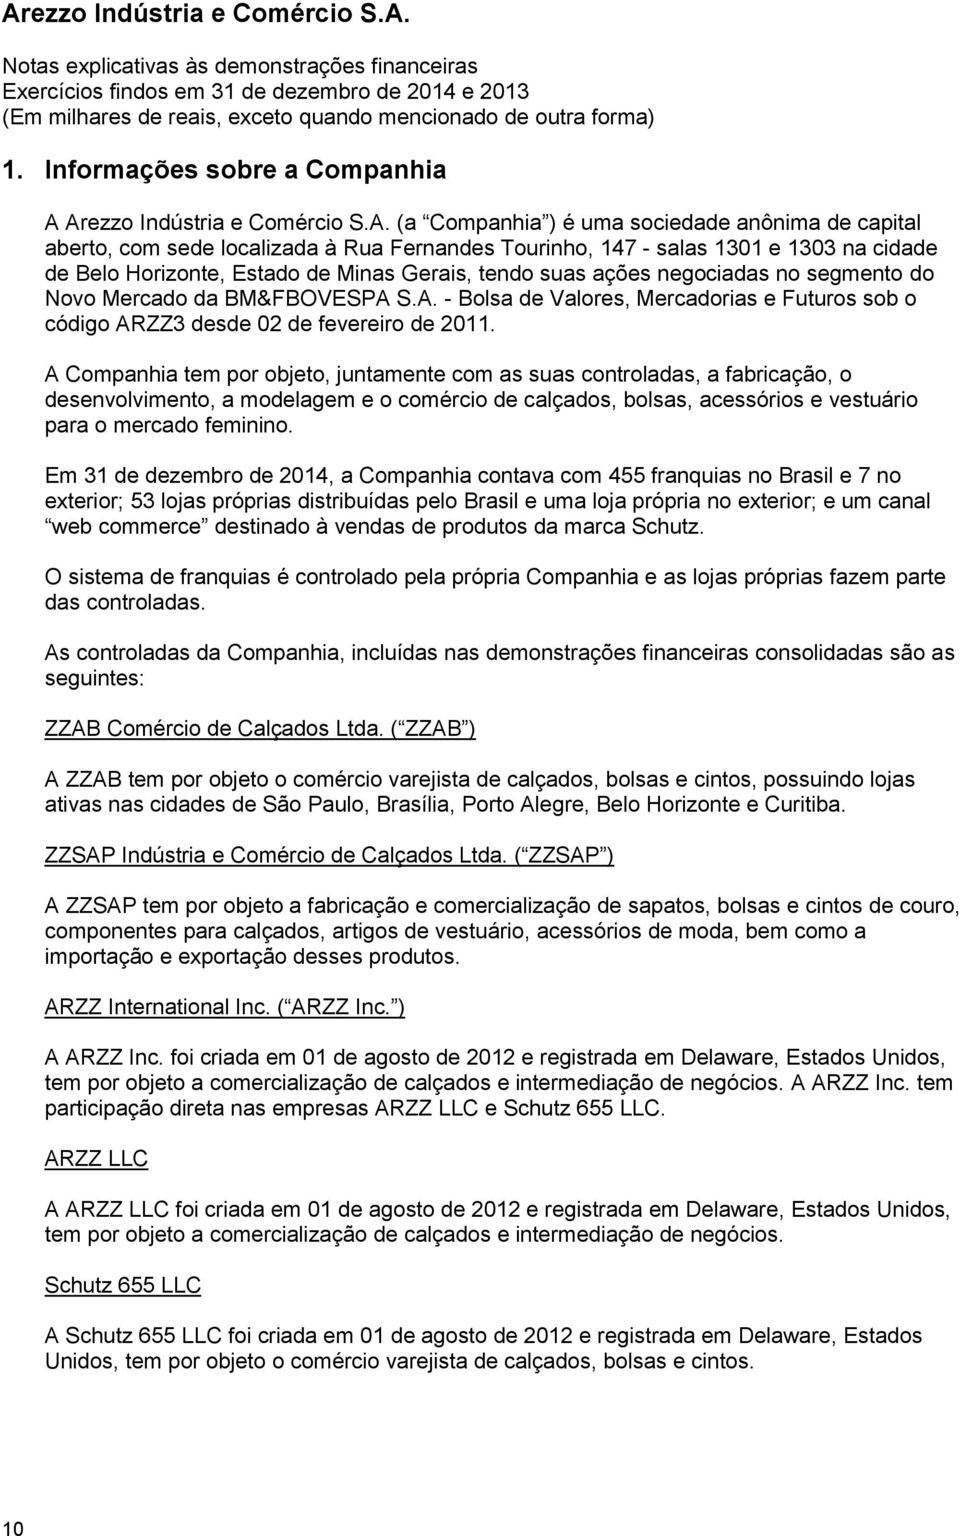 Minas Gerais, tendo suas ações negociadas no segmento do Novo Mercado da BM&FBOVESPA S.A. - Bolsa de Valores, Mercadorias e Futuros sob o código ARZZ3 desde 02 de fevereiro de 2011.
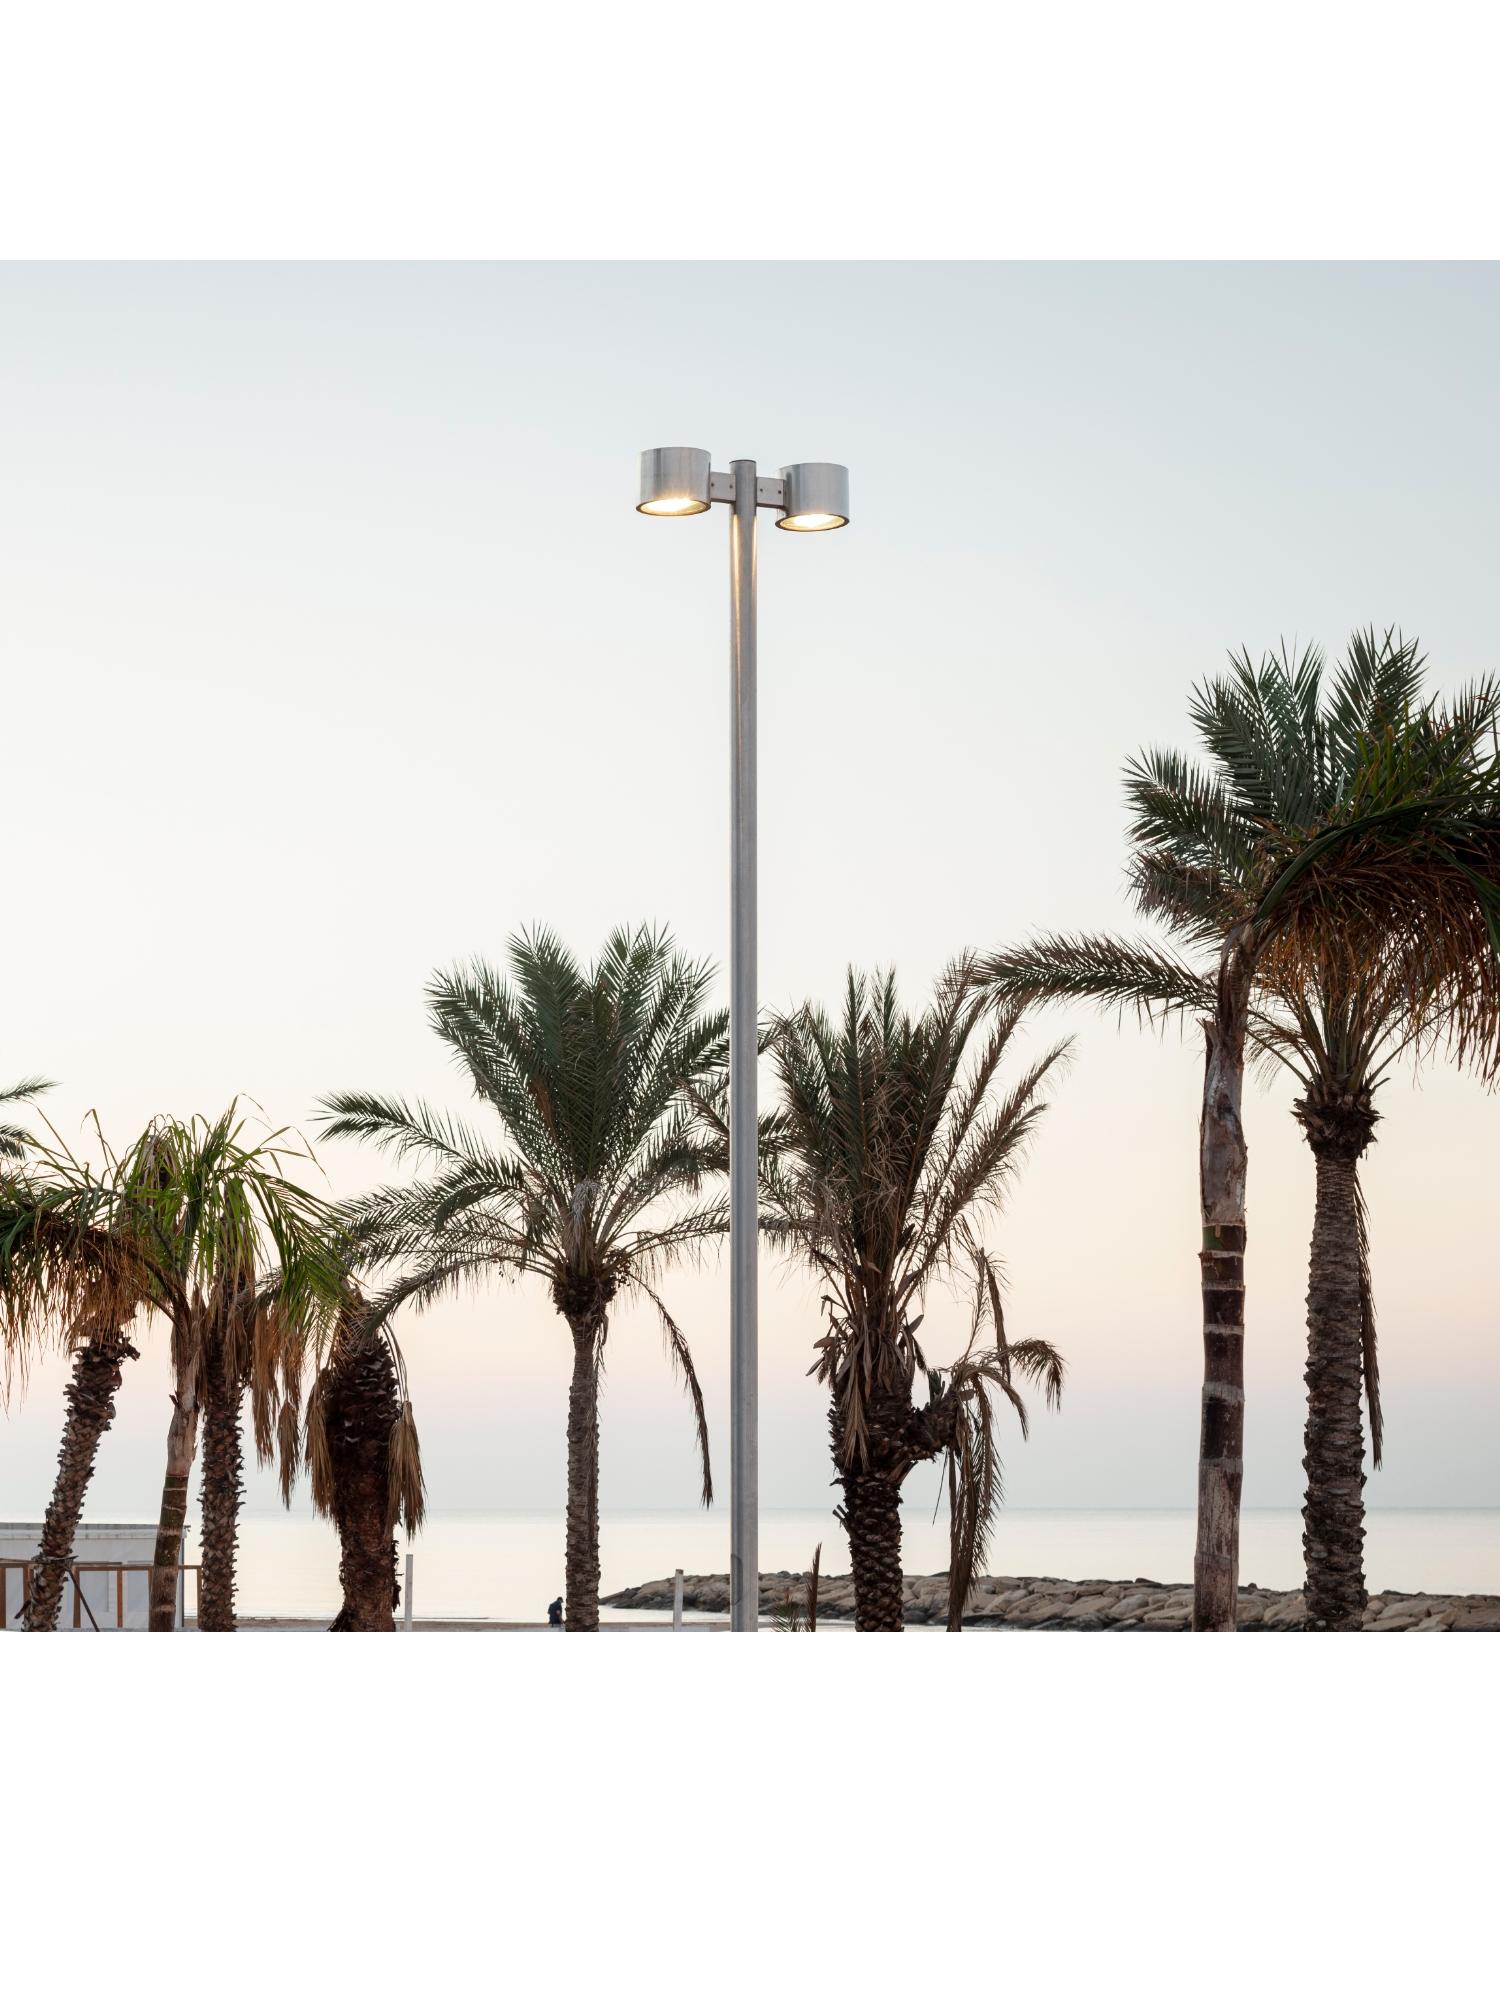 Des poteaux pour un &eacute;clairage public efficace :
la promenade de Marina di Ragusa

* _Task to complete_: Keep the pictures out, and write out the rest of the data above word for word.

* _Answer for this exercise_:
 Minas Gerais, tendo suas ações negociadas no segmento do Novo Mercado da BM&FBOVESPA S.A. - Bolsa de Valores, Mercadorias e Futuros sob o código ARZZ3 desde 02 de fevereiro de 2011.
 Des poteaux pour un &eacute;clairage public efficace :
la promenade de Marina di Ragusa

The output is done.